# [DATASET EXCERPT]

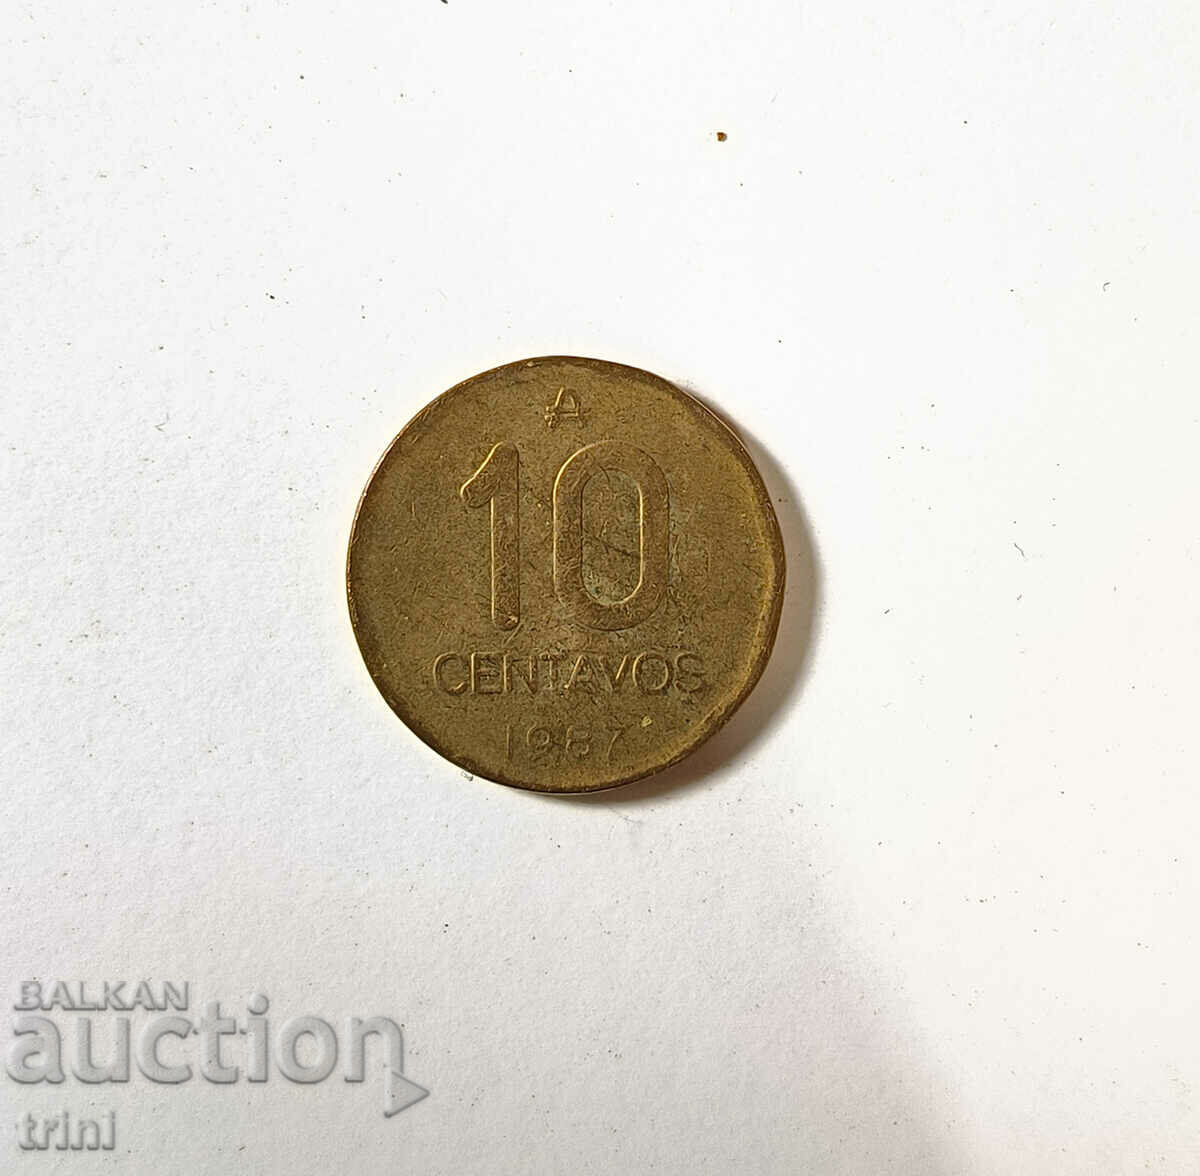 Argentina 10 centavos 1987 year s40
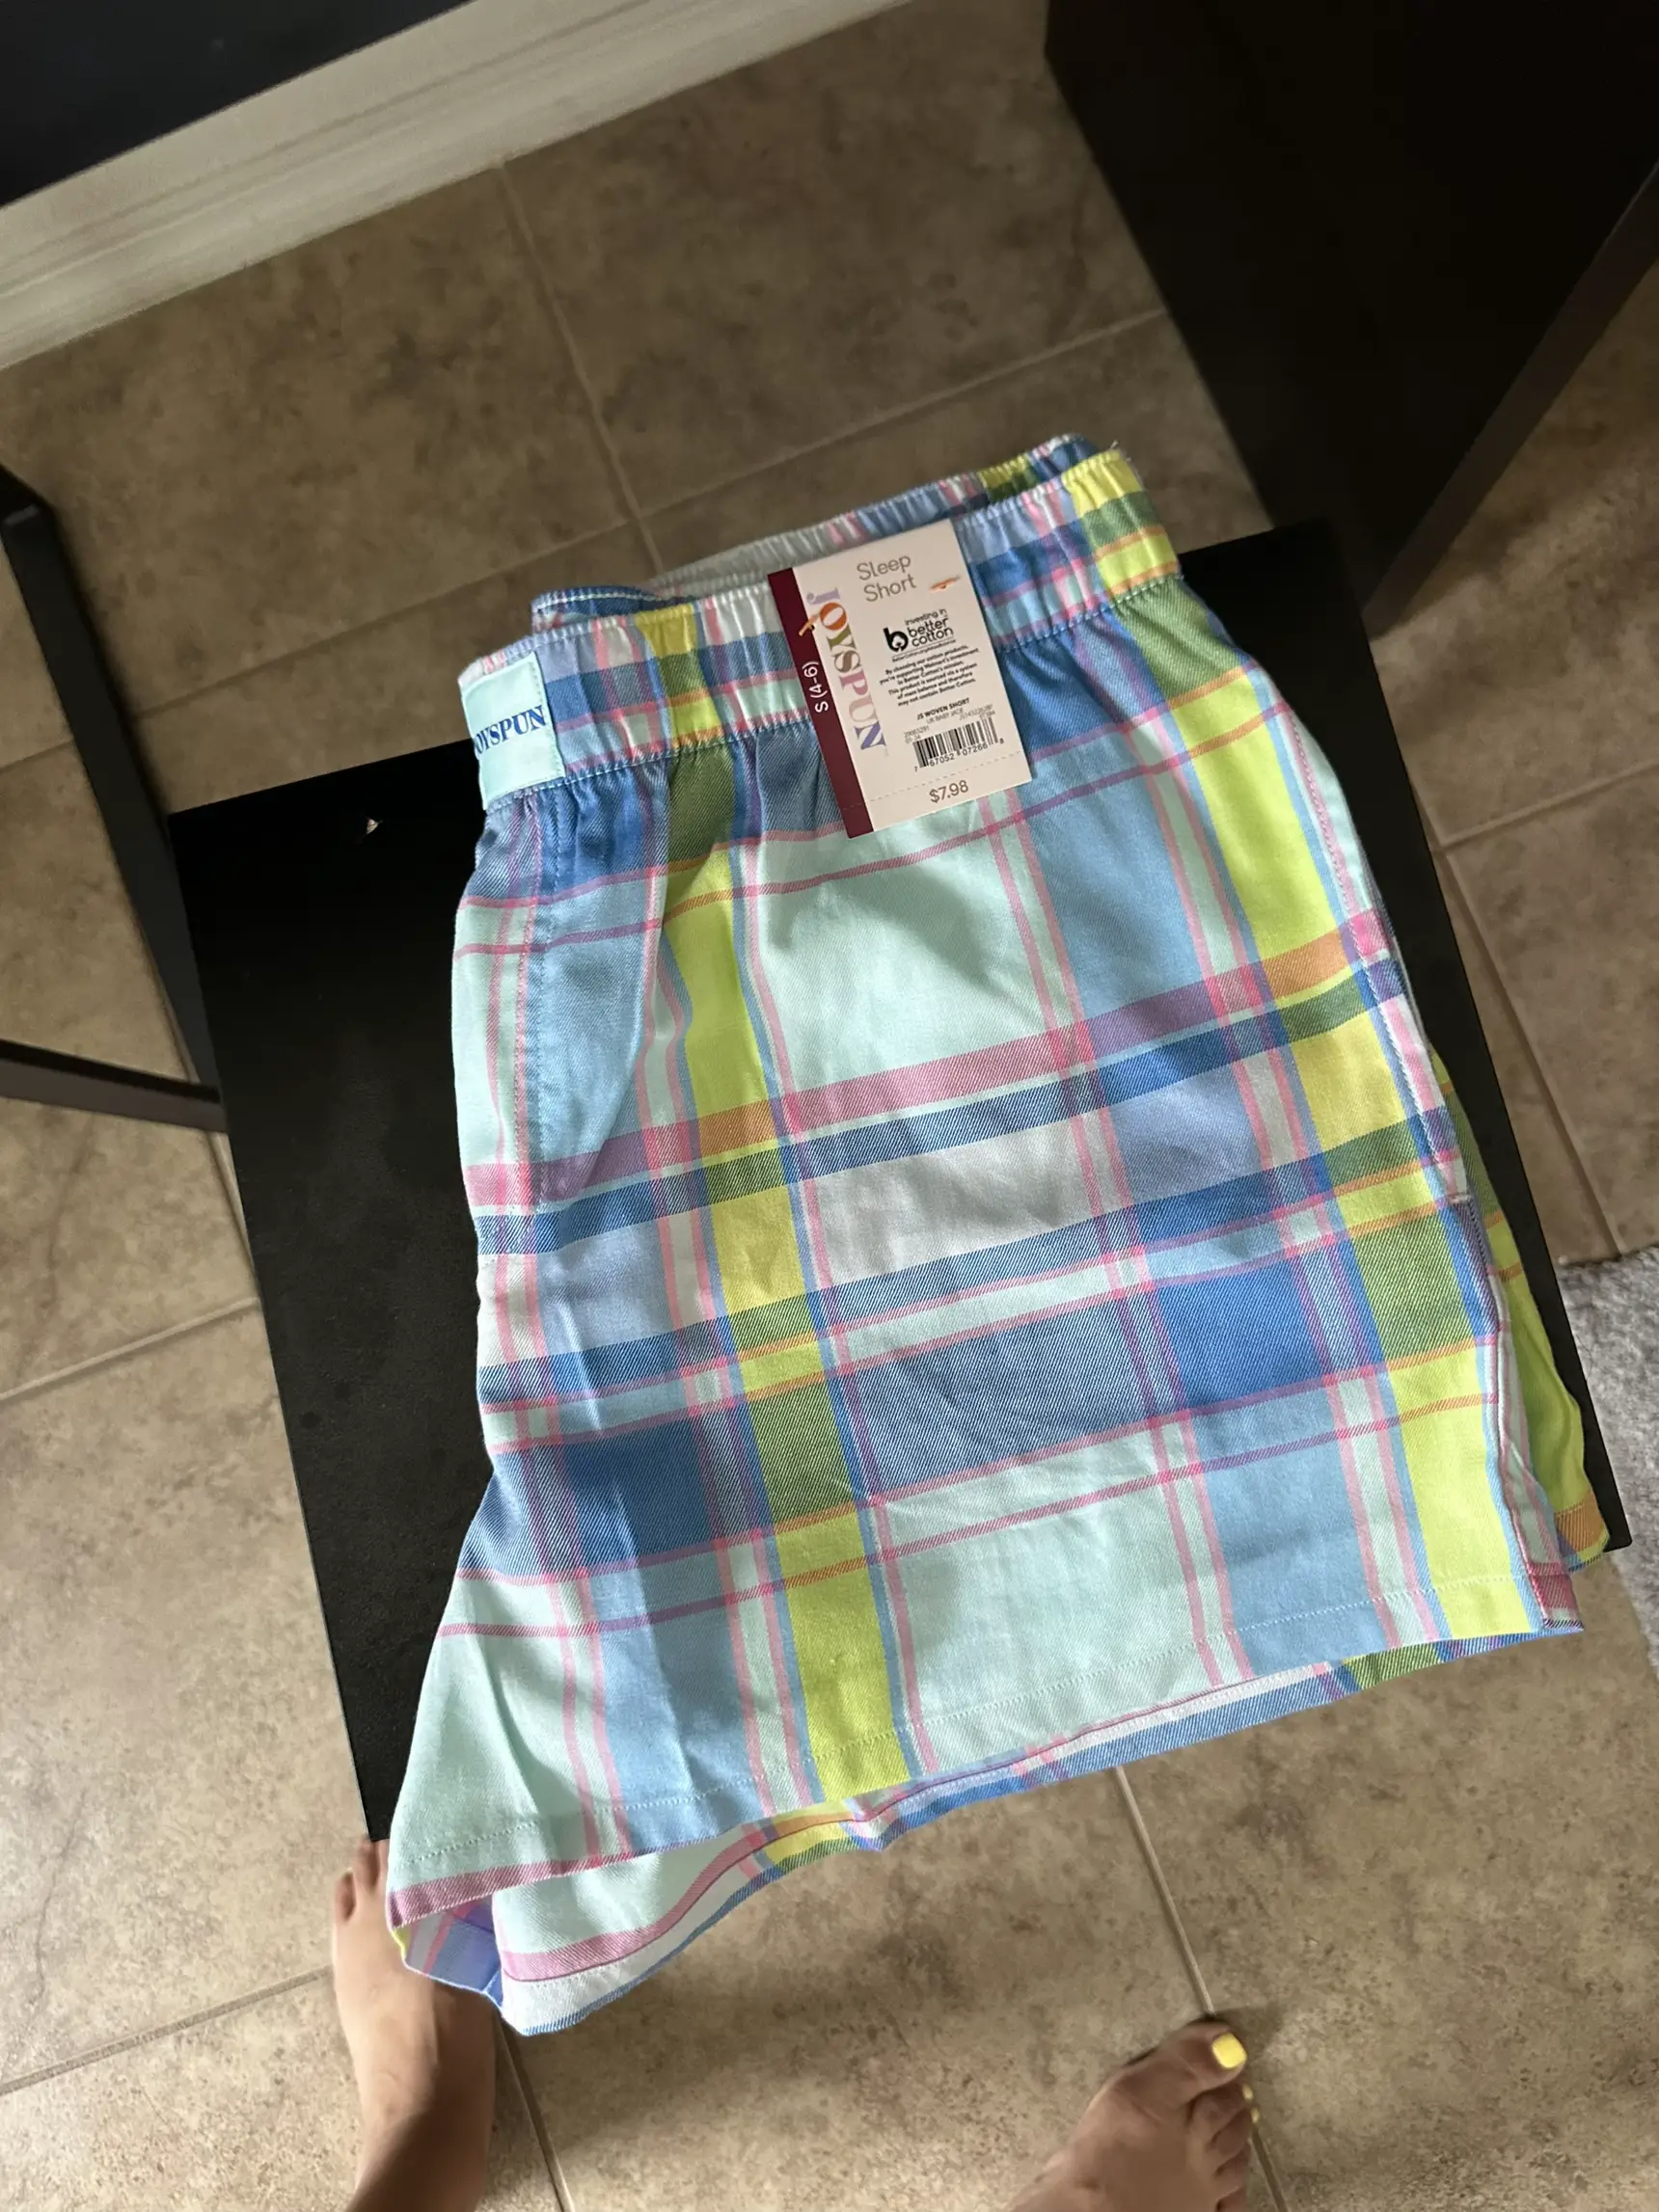 Joyspun Women's Woven Print Boxer Sleep Shorts, Sizes S to 3X 
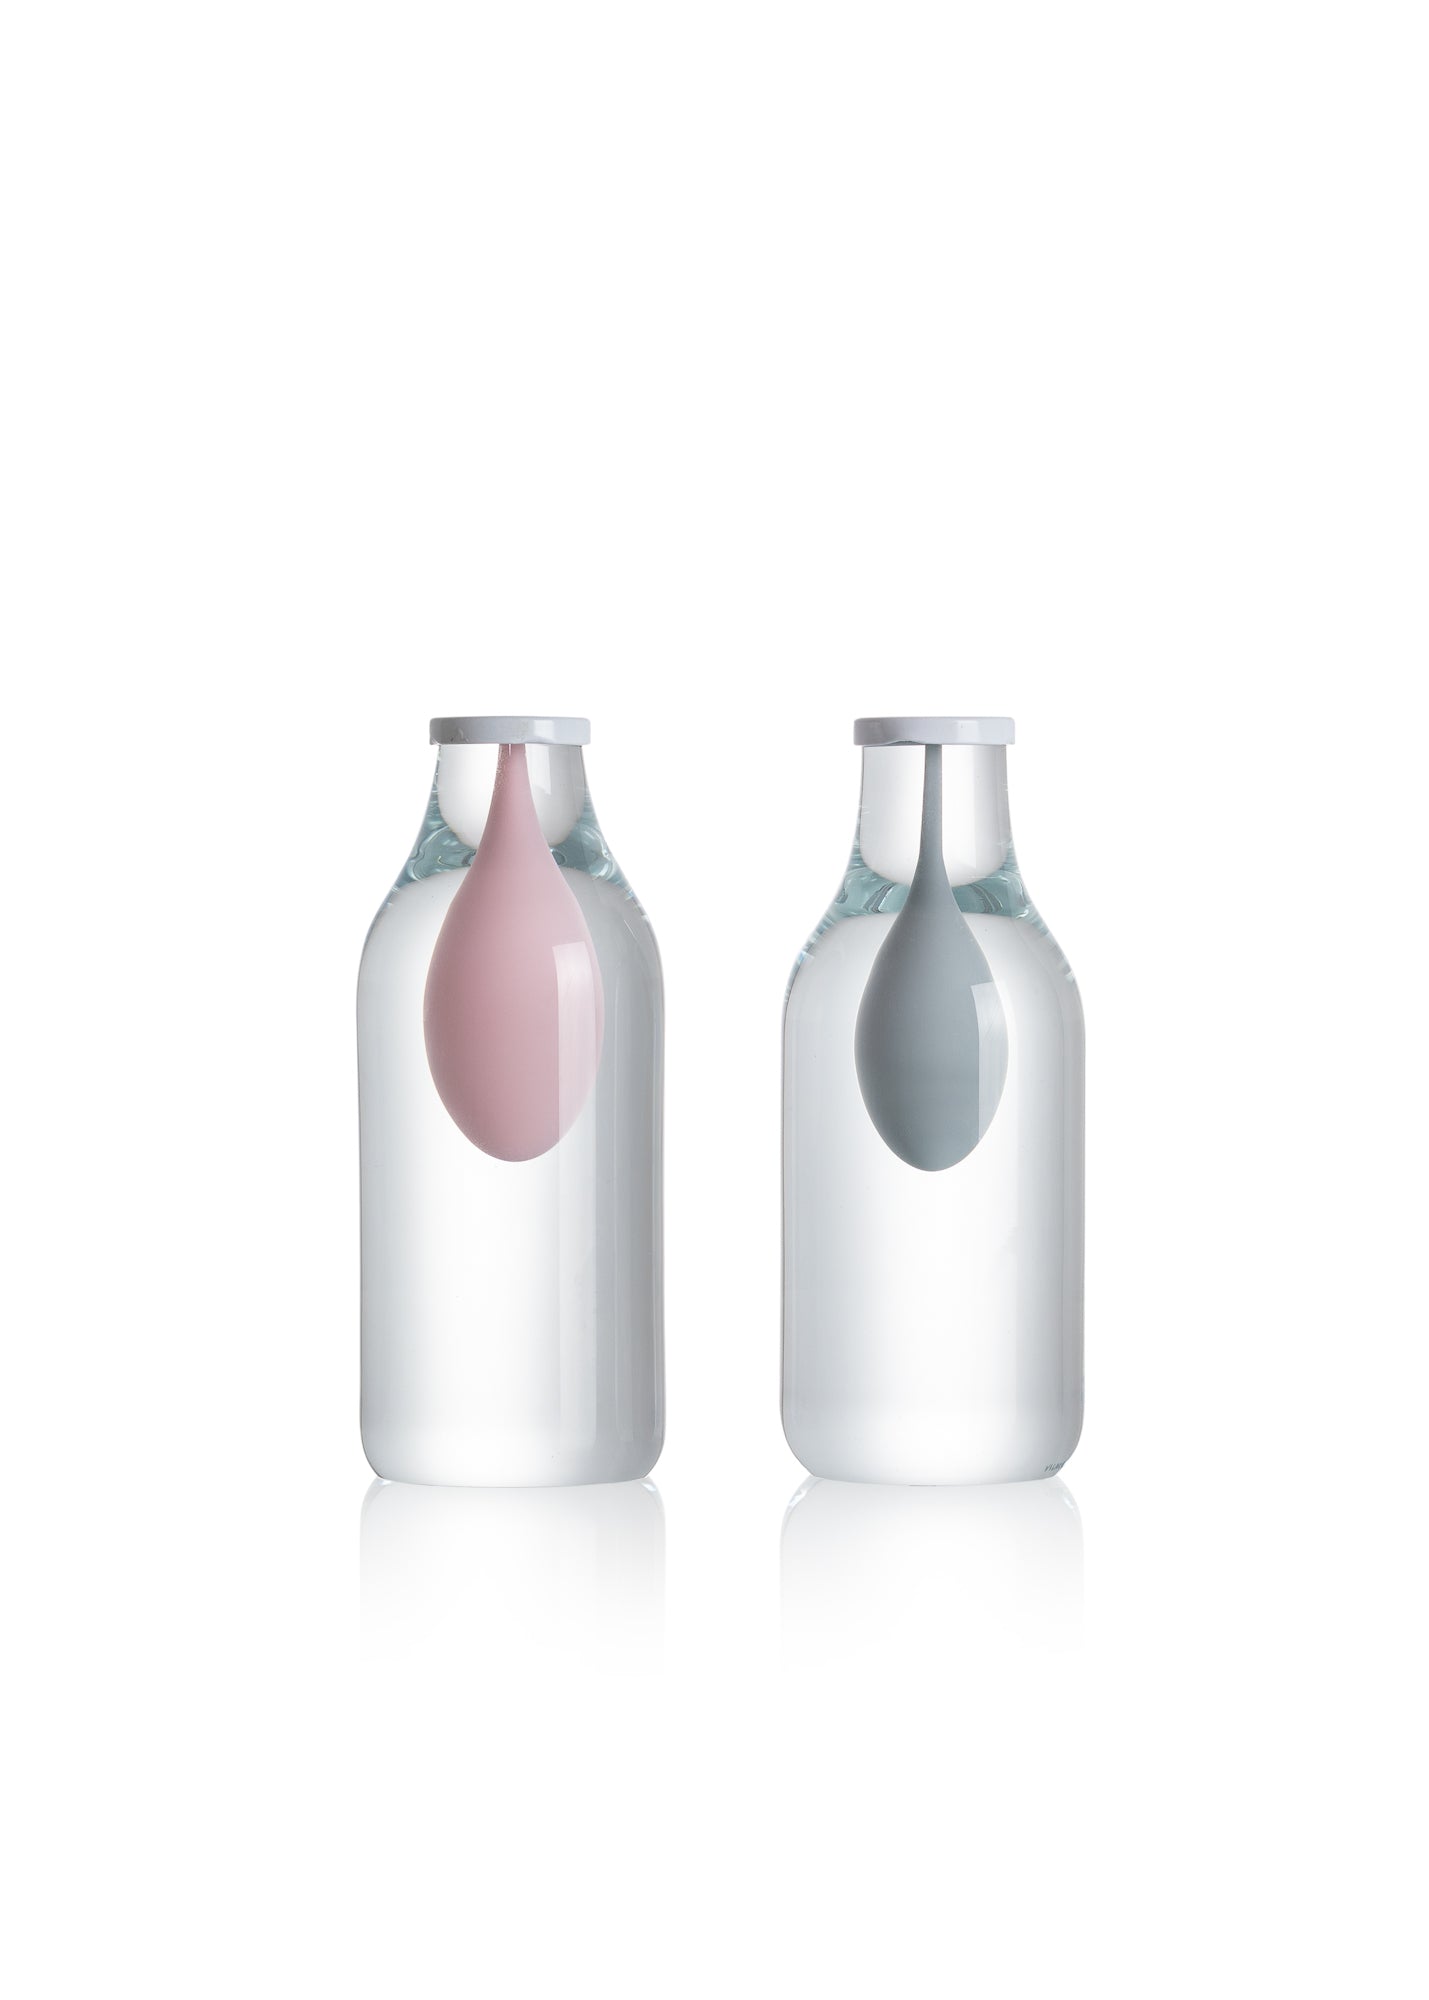 Glass bottle object

# [TASK REQUIREMENTS]
Could you retype every line above exactly as it appears, skipping the pictures?

# [THE ANSWER]
 Argentina 10 centavos 1987 year s40
 Joyspun Women's Woven Print Boxer Sleep Shorts, Sizes S to 3X 
 Glass bottle object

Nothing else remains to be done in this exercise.